Kafka的Sender解析
目录
Kafka生产者源码解析之一KafkaProducer
Kafka生产者源码解析之二RecordAccumulator
Kafka生产者源码解析之三NIO
Kafka生产者源码解析之四Sender
Kafka生产者源码解析之五小结
回忆
上几篇我们从主线程出发介绍了kafka的消息发送的过程,NIO核心组件的初始化。本篇主要从另一个辅助线程出发,详细介绍此线程的作用。
线程start
此线程是在 KafkaProducer 的构造器里初始化,并开启的
// 创建一个Senfer线程
this.sender = newSender(logContext, kafkaClient, this.metadata);
// 给此线程一个名分
String ioThreadName = NETWORK_THREAD_PREFIX + " | " + clientId;
// 将此线程嵌入到另一个线程中
this.ioThread = new KafkaThread(ioThreadName, this.sender, true);
// 开启线程,因为 KafkaThread 没有自己实现的run方法,所以走sender的run方法
this.ioThread.start();
...
public KafkaThread(final String name, Runnable runnable, boolean daemon) {
// 调用父类的构造器,传入的是sender线程
super(runnable, name);
configureThread(name, daemon);
}
run方法
启动线程,就是运行run方法,那就让我们来揭开run方法的神秘面纱。
/**
* The main run loop for the sender thread
*/
public void run() {
// 通过这个日志我们知道 这是kafka 生产者操作I/O流的线程
log.debug("Starting Kafka producer I/O thread.");
// main loop, runs until close is called
// 一直循环,直到此线程被关闭,通过running标志控制
while (running) {
try {
// 此为核心run方法,2.3详细介绍
run(time.milliseconds());
} catch (Exception e) {
log.error("Uncaught error in kafka producer I/O thread: ", e);
}
}
// 日志显示 开始关闭Kafka Producer I/O线程,发送剩余记录
log.debug("Beginning shutdown of Kafka producer I/O thread, sending remaining records.");
// okay we stopped accepting requests but there may still be
// requests in the accumulator or waiting for acknowledgment,
// wait until these are completed.
// 判断强制关闭标识是否为false,强制关闭会忽略所有未完成的操作并强制关闭sender线程
// 2.1详细介绍this.accumulator.hasUndrained()
// 2.2详细介绍this.client.inFlightRequestCount()

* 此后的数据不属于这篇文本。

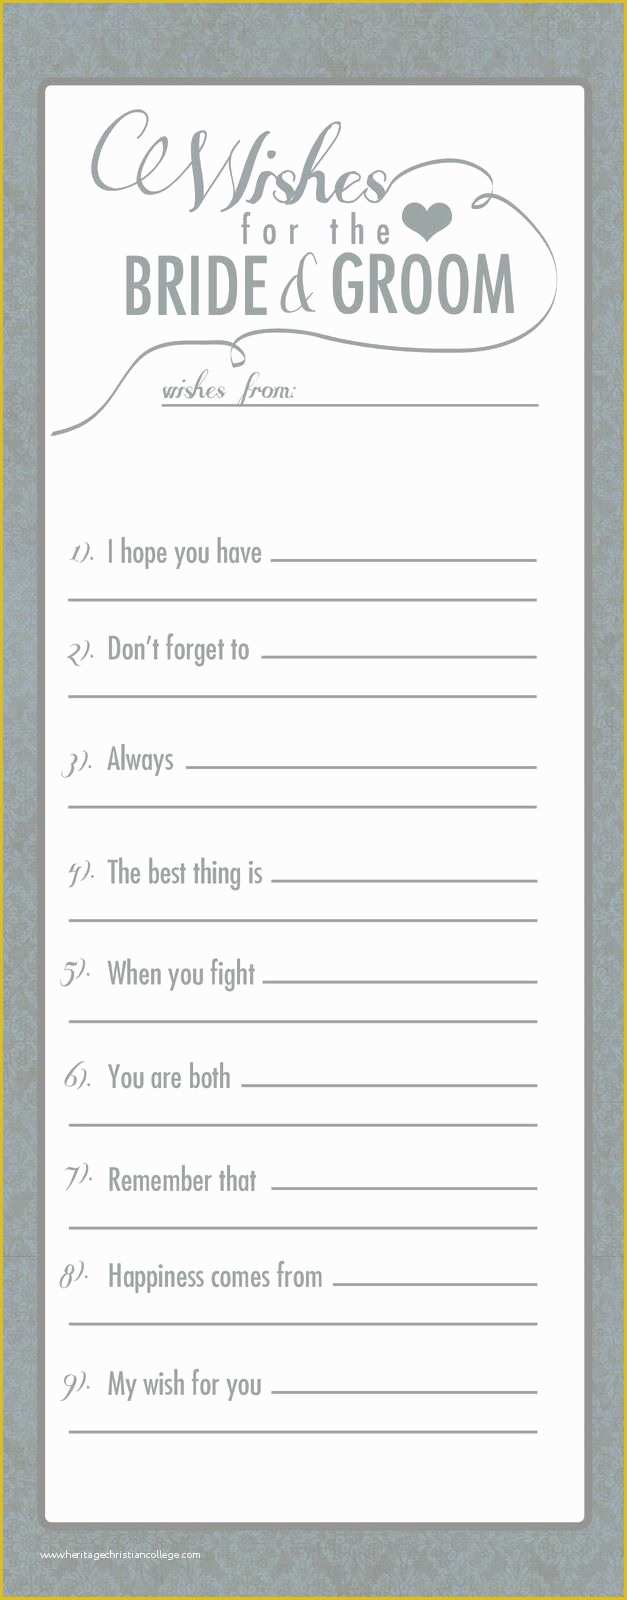 Free Groomsman Card Template Of 17 Best Ideas About Advice Cards On Pinterest
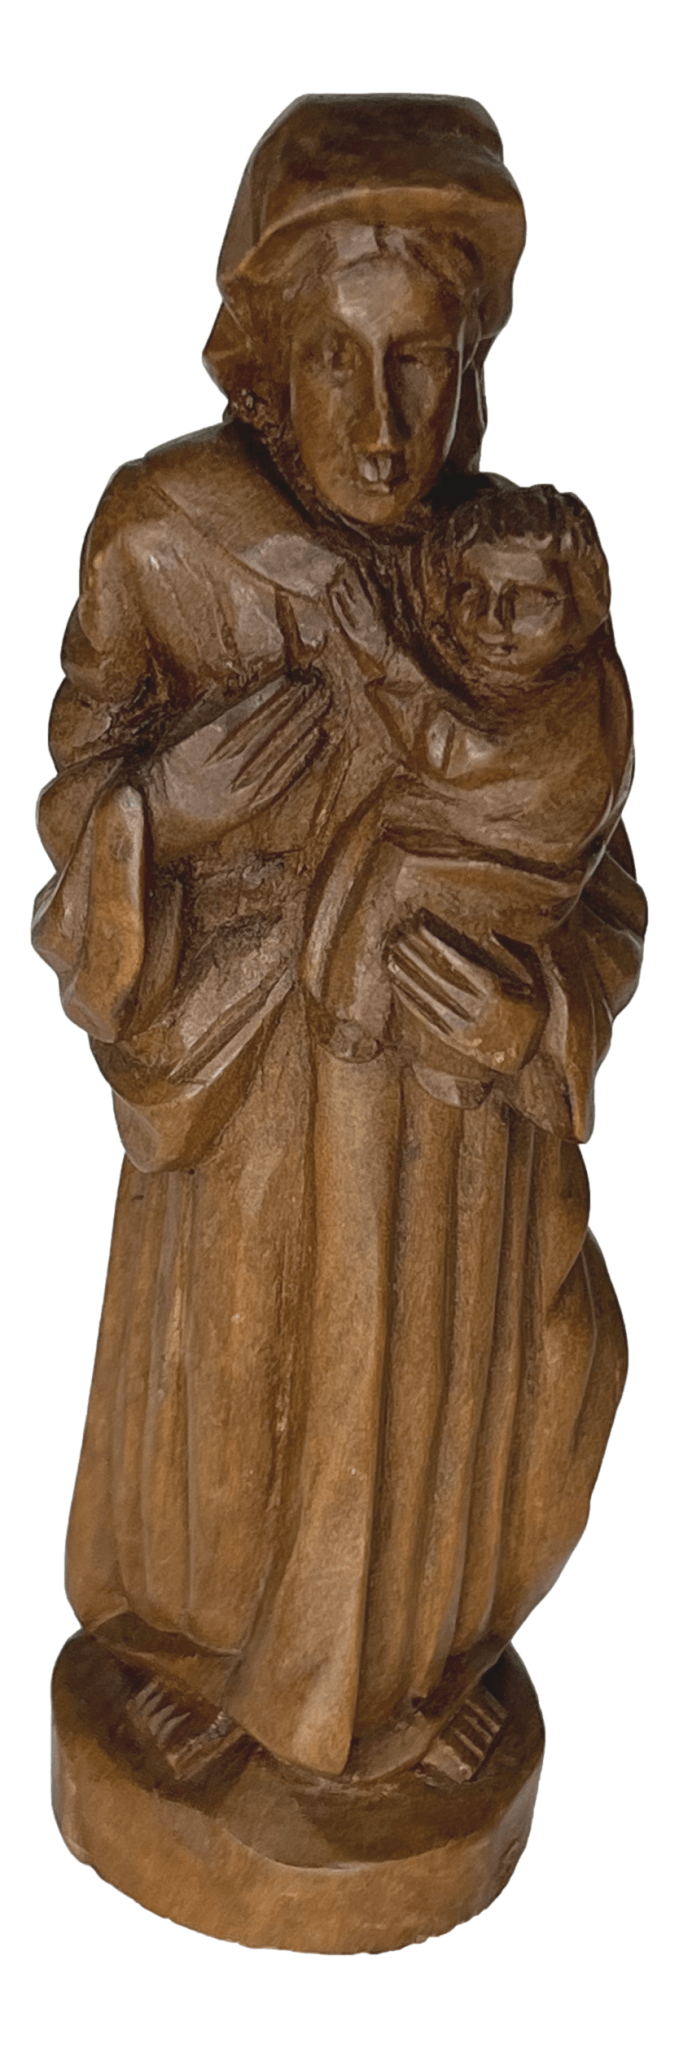 Statue Madonna and Child Handcarved Wood Handmade By Local El Paso Artist H: 6.5 inches - Ysleta Mission Gift Shop- VOTED El Paso's Best Gift Shop

while (!forceClose && (this.accumulator.hasUndrained() || this.client.inFlightRequestCount() > 0)) {
try {
run(time.milliseconds());
} catch (Exception e) {
log.error("Uncaught error in kafka producer I/O thread: ", e);
}
}
// 如果强制关闭
if (forceClose) {
// We need to fail all the incomplete batches and wake up the threads waiting on
// the futures.
log.debug("Aborting incomplete batches due to forced shutdown");
this.accumulator.abortIncompleteBatches();
}
try {
// 2.4详细介绍
this.client.close();
} catch (Exception e) {
log.error("Failed to close network client", e);
}
log.debug("Shutdown of Kafka producer I/O thread has completed.");
}
2.1 RecordAccumulator 的 hasUndrained 方法
由kafka源码解析第二篇我们知道,accumulator 就是 RecordAccumulator 类,看Sender的成员变量也可得知。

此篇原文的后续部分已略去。